Her body stiffened as she turned around and pointed that old, melted spatula at me.
“No! You don’t love Andre, and it shows!” I could see a mist of spittle spray the message out of her mouth like a shotgun blast.
“Calm down. And stop pointing that spatula at me. You know that ain’t cool.” I hated being pointed at. It always reminded me of the time a cop pointed his gun in my face for nothing more than chuckles and to impress his partner. I was eleven and vowed to never be in that situation again. I told her that story a million times, but she never stopped pointing things at me.
“You hate him… Don’t you…” She wasn’t asking me. Mary was telling me. My world stopped spinning. My face felt flushed with anger as her question forced its way into my mind.
“Yeah, I hate him,” I said with anger lacing my every word. She gasped like a roach had jumped out from my mouth. Before she could jump in and say anything, I finished my statement. “I hate him so much that I call him my son, even though he has always refused to call me anything but Terrence in the eight years we’ve been a family.”
Mary triggered a strange spirit within me. I couldn’t stop talking. “I hate him so much that I sit down with him after I get home from work. Even though I’m tired, I make sure he does all of his homework. Even though I’m tired, I make sure he understands the lessons he should have learned in class since the teachers have him all day.”
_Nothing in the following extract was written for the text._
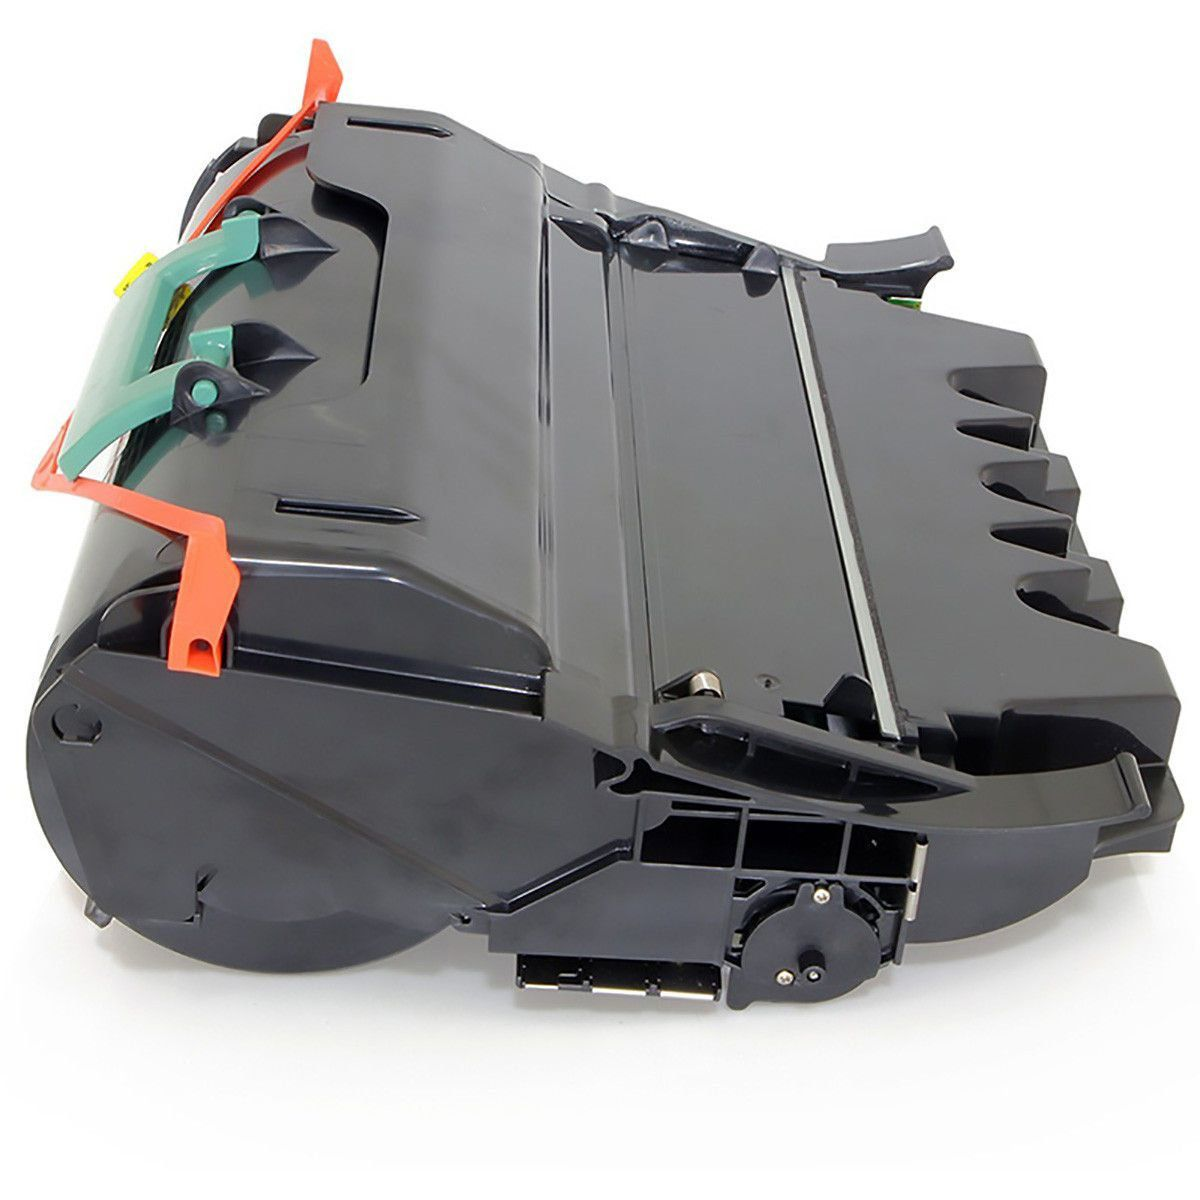 Compatível: Toner T654X11B para Lexmark T650 T650n T652 T652dn T654 T654dn T654dtn T656 X656 X658 / Preto / 25.000

Mary tried to jump in the argument, but I rambled on. “I hate him so much that I take time off of work during the day…to run up to the school with you…to plead with the principal…to not expel him for smoking weed in the girl’s bathroom! The! Girl’s! Bathroom!”
At this point Mary was screaming at the top of her lungs, but I couldn’t hear her. I only heard my own words. “I hate him so much that I make it a point to talk to him about being a Black man in America even though he strives to be a low-life nobody.”
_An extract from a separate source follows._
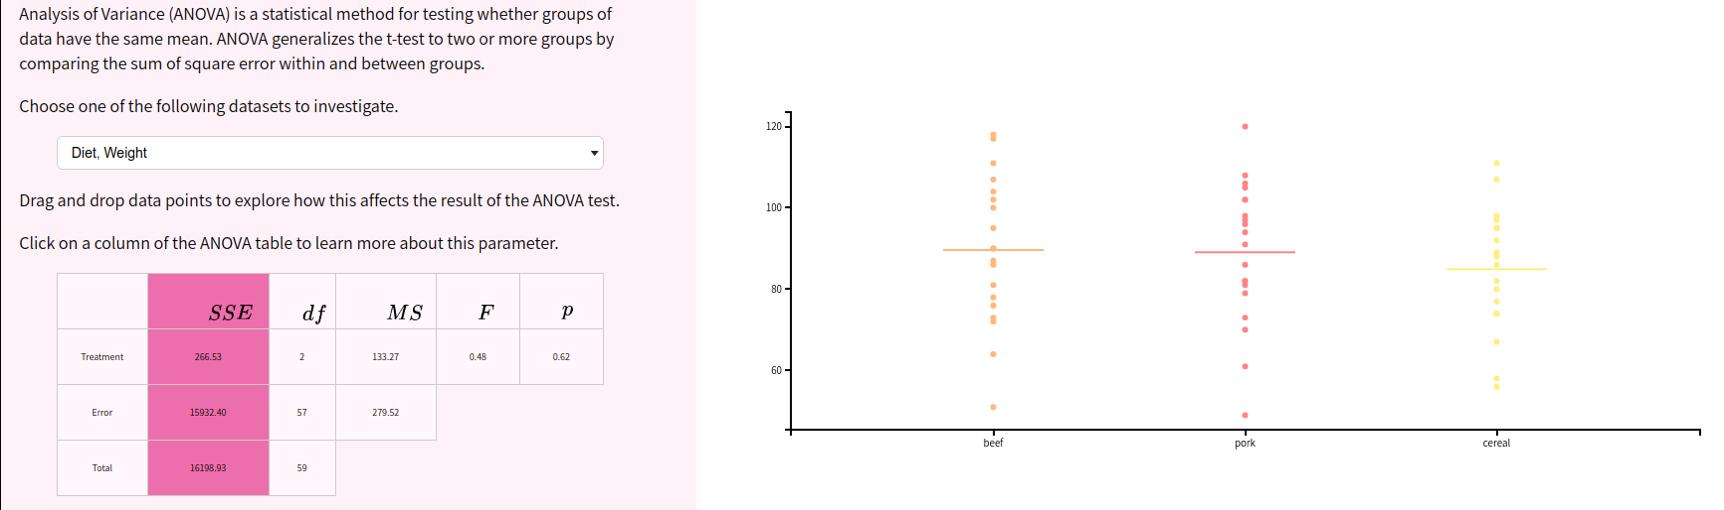 analysis_of_variance

With that last statement, Mary dropped the burnt spatula on the floor in utter shock. Chunks of scrambled eggs splattered on her feet and her eyes welled up bitter tears. When I saw her lips trembling, I tried to tell her I was sorry, but I couldn’t get the words out. She ran out of the kitchen shrieking, “Why God?!!”
After she slammed the bedroom door shut, she cried at the top of her lungs and from the bottom of her soul. I wasn’t sorrowful. I was satiated. My soul was serene. I felt like I just had superb sex, and I was spent.
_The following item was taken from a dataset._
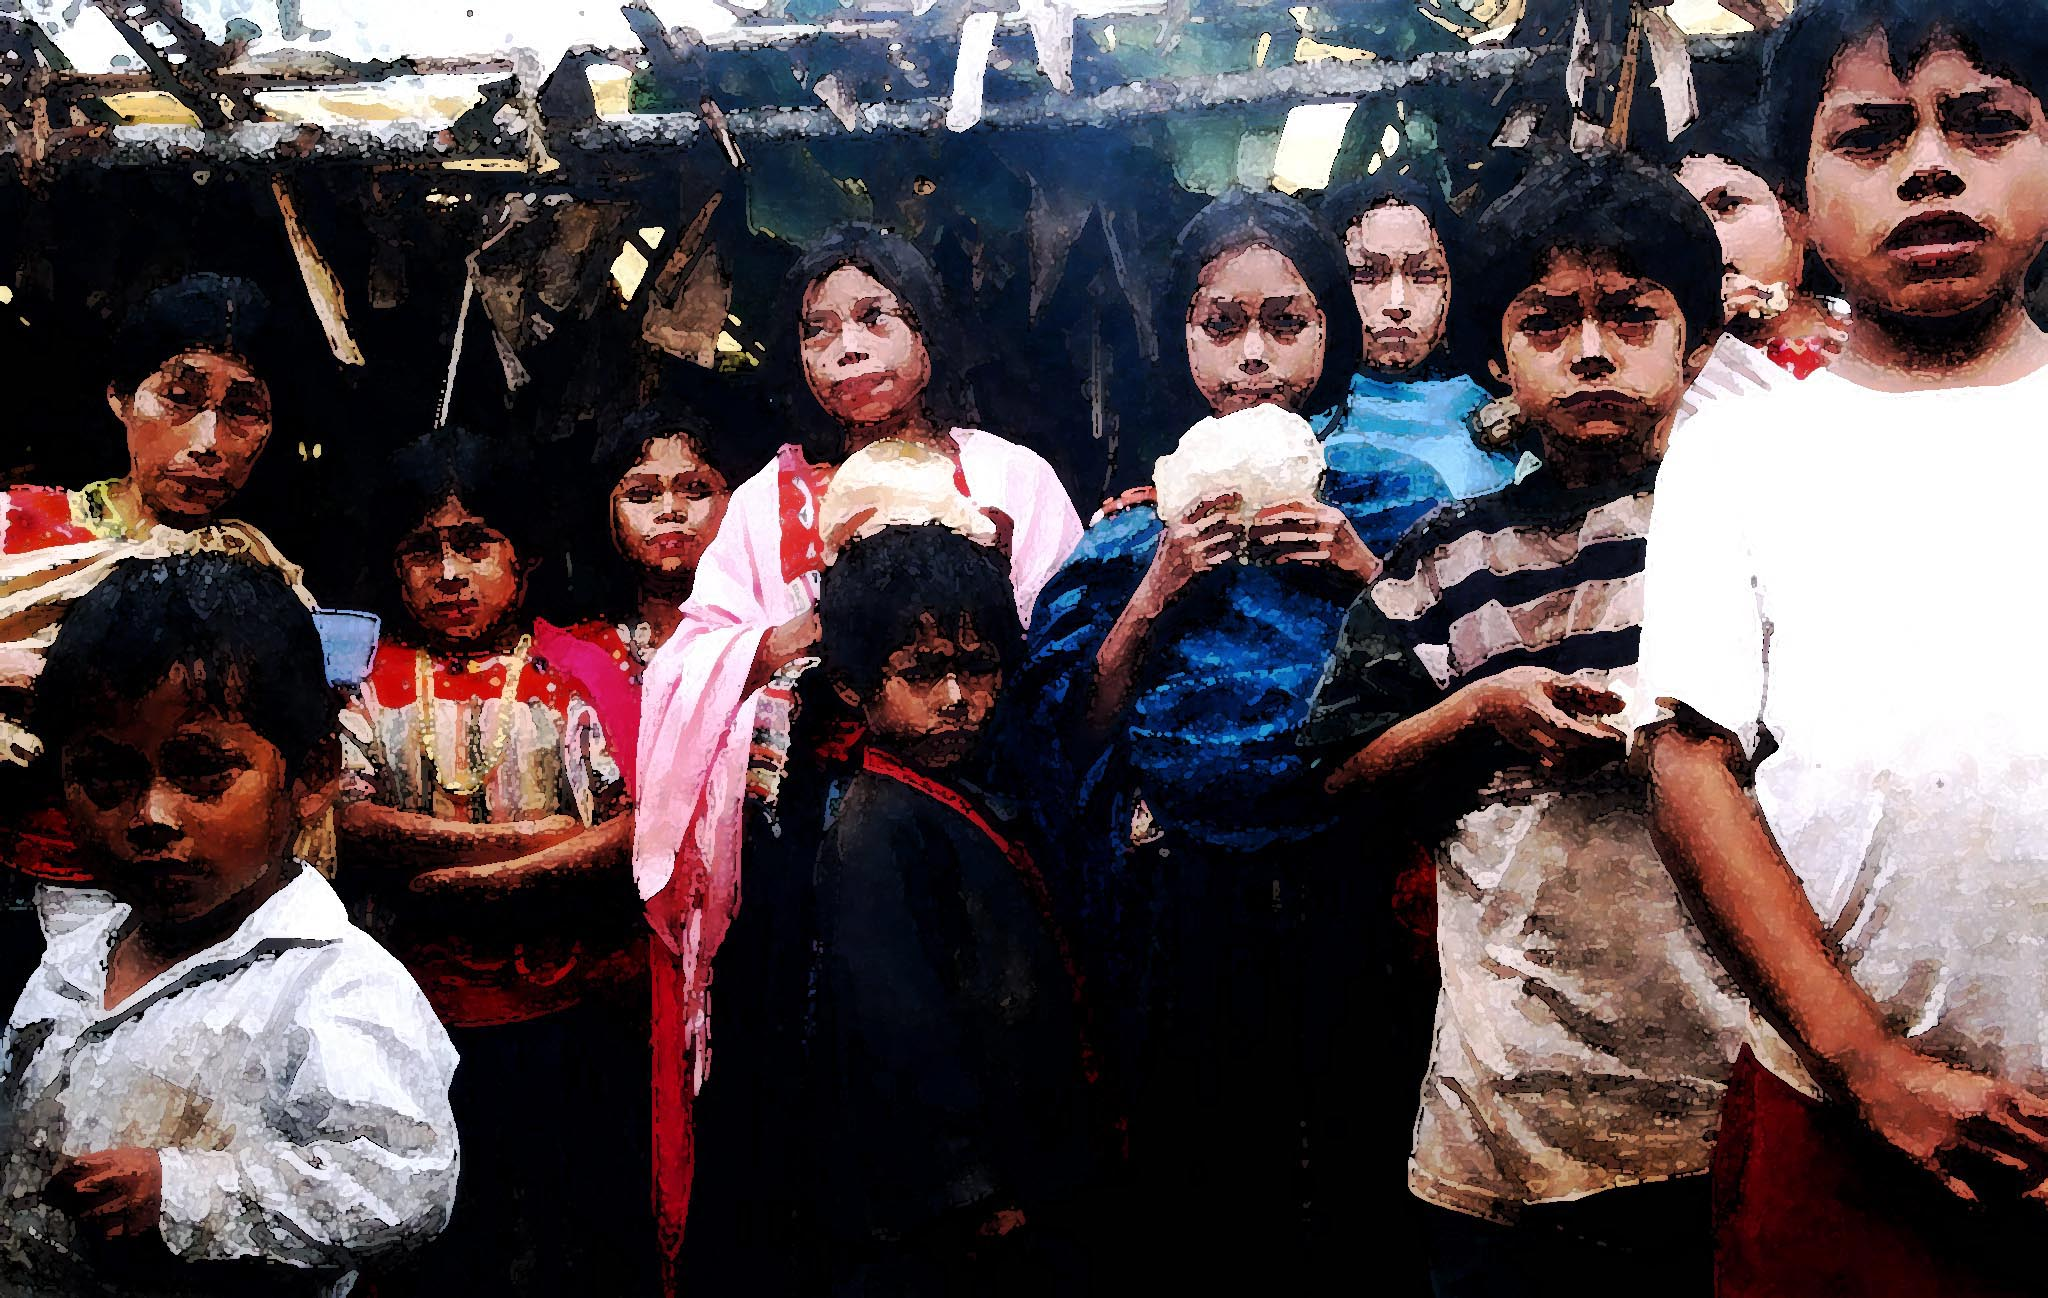 Desplazados en Xoyep, 1997

I sighed as I scooped the spatula off of the floor and rinsed it in the sink. I cleaned the mess off of the floor that I had caused. I rinsed out the bowl she used to prepare the eggs. That’s when I noticed that she had used the white porcelain bowl with the brown border. I dumped some eggs on a plate and sat down at the table with my hot sauce. I clutched the fork with the plastic handle and the three big prongs and bowed my head to pray over my food. I was in peace as the storm caused by Hurricane Andre surrounded me.